We next start on univariate integral calculus, largely following Rudin, chapter 6. The following gives some motivation for the definitions there. (And yes, it's the same Riemann who gave number theorists like me the Riemann zeta function and the Riemann Hypothesis.)

The Riemann-sum approach to integration goes back to the “method of exhaustion” of classical Greek geometry, in which the area of a plane figure (or the volume of a region in space) is bounded below and above by finding subsets and supersets that are finite unions of disjoint rectangles (or boxes). The lower and upper Riemann sums adapt this idea to the integrals of functions which may be negative as well as positive (recall that one of the weaknesses of geometric Greek mathematics is that the ancient Greeks had no concept of negative quantities — nor, for that matter, of zero). You may have encountered the quaint technical term “quadrature”, used in some contexts as a synonym for “integration”. This too is an echo of the geometrical origins of integration. “Quadrature” literally means “squaring”, meaning not “multiplying by itself” but “constructing a square of the same size as”; this in turn is equivalent to “finding the area of”, as in the phrase “squaring the circle”. For instance, Greek geometry contains a theorem equivalent to the integration of x²dx, a result called the “quadrature of the parabola”. The proof is tantamount to the evaluation of lower and upper Riemann sums for the integral of x²dx.

An alternative explanation of the upper and lower Riemann sums, and of “partitions” and “refinements” (Definitions 6.1 and 6.3 in Rudin), is that they arise by repeated application of the following two axioms describing the integral (see for instance L.Gillman's expository paper in the American Mathematical Monthly (Vol.100 #1, 16–25)):

• For any a,b,c (with a < b < c), the integral of a function from a to c is the sum of its integrals from a to b and from b to c;
• If a function f on [a,b] takes values in [m,M] then its integral from a to b is in [m(b−a), M(b−a)] (again assuming a < b).

The latter axiom is a consequence of the following two: the integral of a constant function from a to b is that constant times the length b−a of the interval [a,b]; and if f ≤ g on some interval then the integral of f over that interval does not exceed the integral of g.
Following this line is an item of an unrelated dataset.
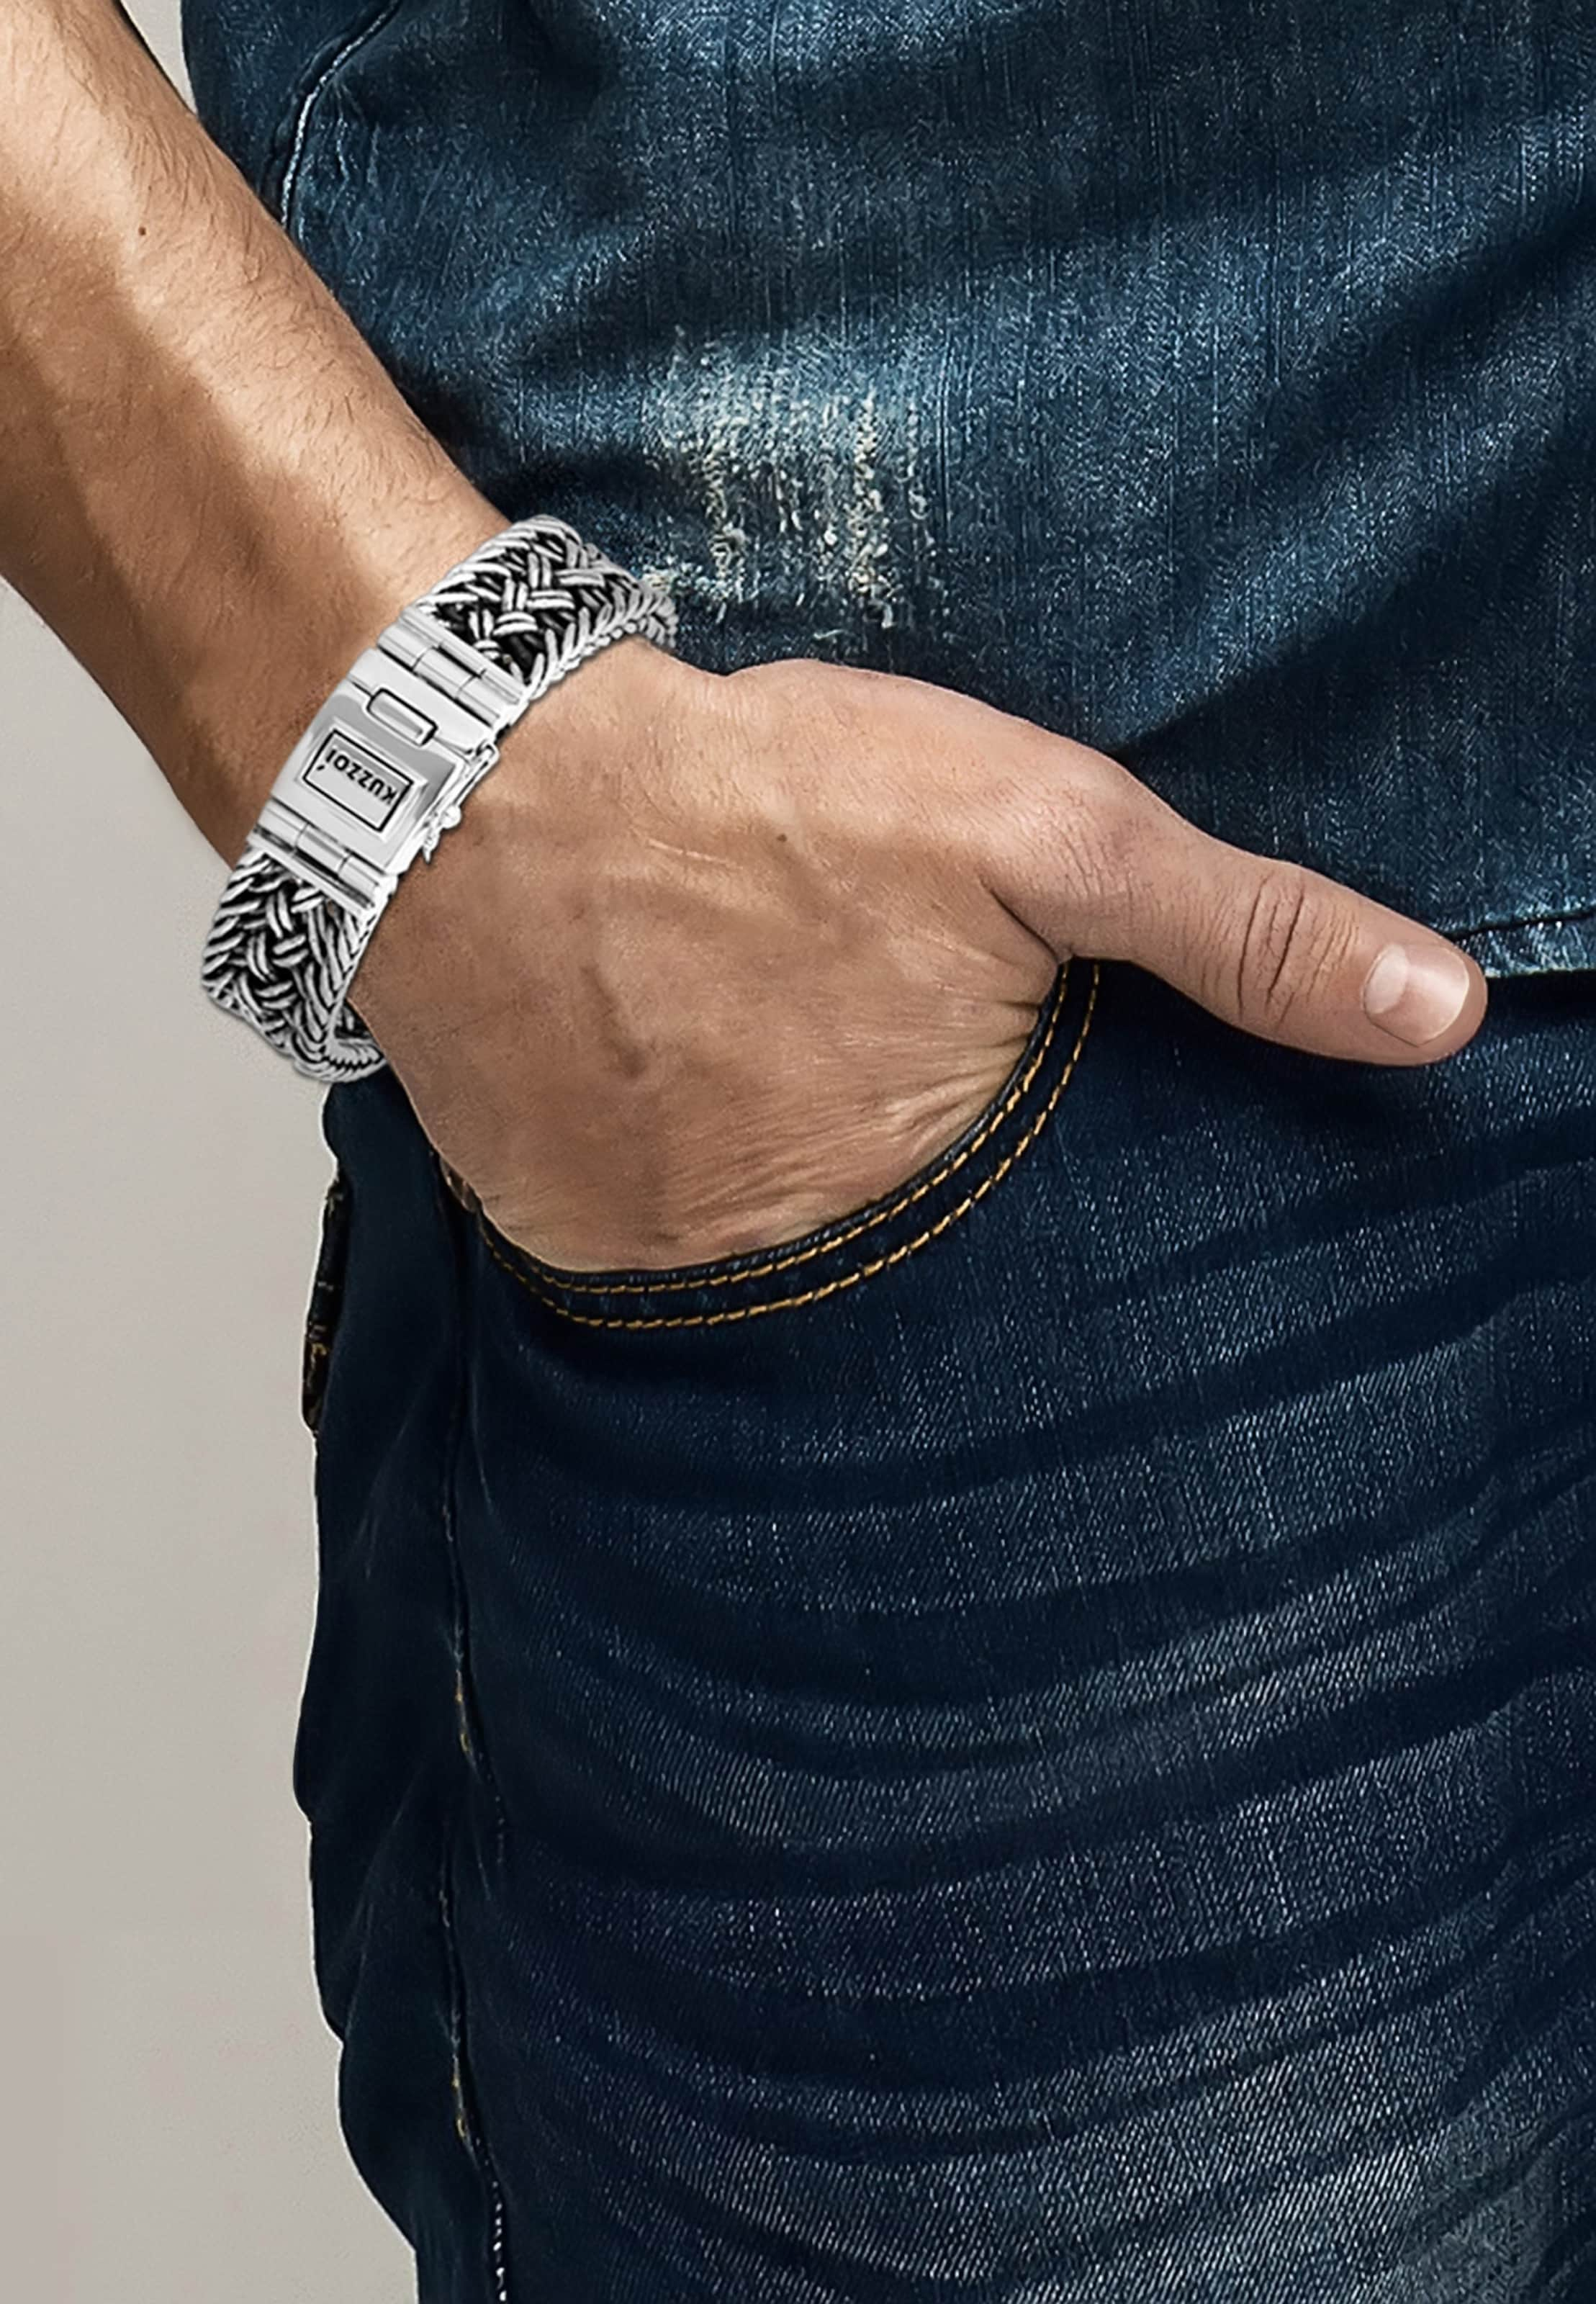 In Kuzzoi Armband Kuzzoi 'twisted' Silber 1FlKJc

Note that again all these axioms arise naturally from an interpretation of the integral as a “signed area”.

The (Riemann-)Stieltjes integral, with dα in place of dx, is then obtained by replacing each Δx = b−a by Δα = α(b)−α(a).

In Theorem 6.12, property (a) says the integrable functions form a vector space, and the integral is a linear transformation; property (d) says it's a bounded transformation relative to the sup norm, with operator norm at most Δα = α(b)−α(a) (indeed it's not hard to show that the operator norm equals Δα = α(b)−α(a)); and (b) and (c) are the axioms noted above. Property (e) almost says the integral is linear as a function of α — do you see why “almost”?

Recall the “integration by parts” identity: fg is an integral of f dg + g df. The Stieltjes integral is a way of making sense of this identity even when f and/or g is not continuously differentiable. To be sure, some hypotheses on f and g must still be made for the Stieltjes integral of f dg to make sense. Rudin specifies one suitable system of such hypotheses in Theorem 6.22.

Here's a version of Riemann-Stieltjes integrals that works cleanly for integrating bounded functions from [a,b] to any complete normed vector space.
corrected 27.ii.11 to fix a minor typo (“reasonable hypotheses”, not “reasonable hypothesis”).

Riemann-Stieltjes integration by parts: Suppose both f and g are increasing functions on [a,b]. For any partition a = x₀ < … < x_n = b of the interval, write f(b)g(b) − f(a)g(a) as the telescoping sum of f(x_i)g(x_i) − f(x_i−1)g(x_i−1) from i=1 to n. Now rewrite the i-th summand as

f (x_i) (g(x_i)−g(x_i−1)) + g(x_i−1) (f (x_i )−f (x_i−1)). [Naturally it is no accident that this identity resembles the one used in the familiar proof of the formula for the derivative of fg !] Summing this over i yields the upper Riemann-Stieltjes sum for the integral of f dg plus the lower R.-S. sum for the integral of g df. Therefore: if one of these integrals exists, so does the other, and their sum is f (b)g(b) − f (a)g(a). [Cf. Rudin, page 141, Exercise 17.]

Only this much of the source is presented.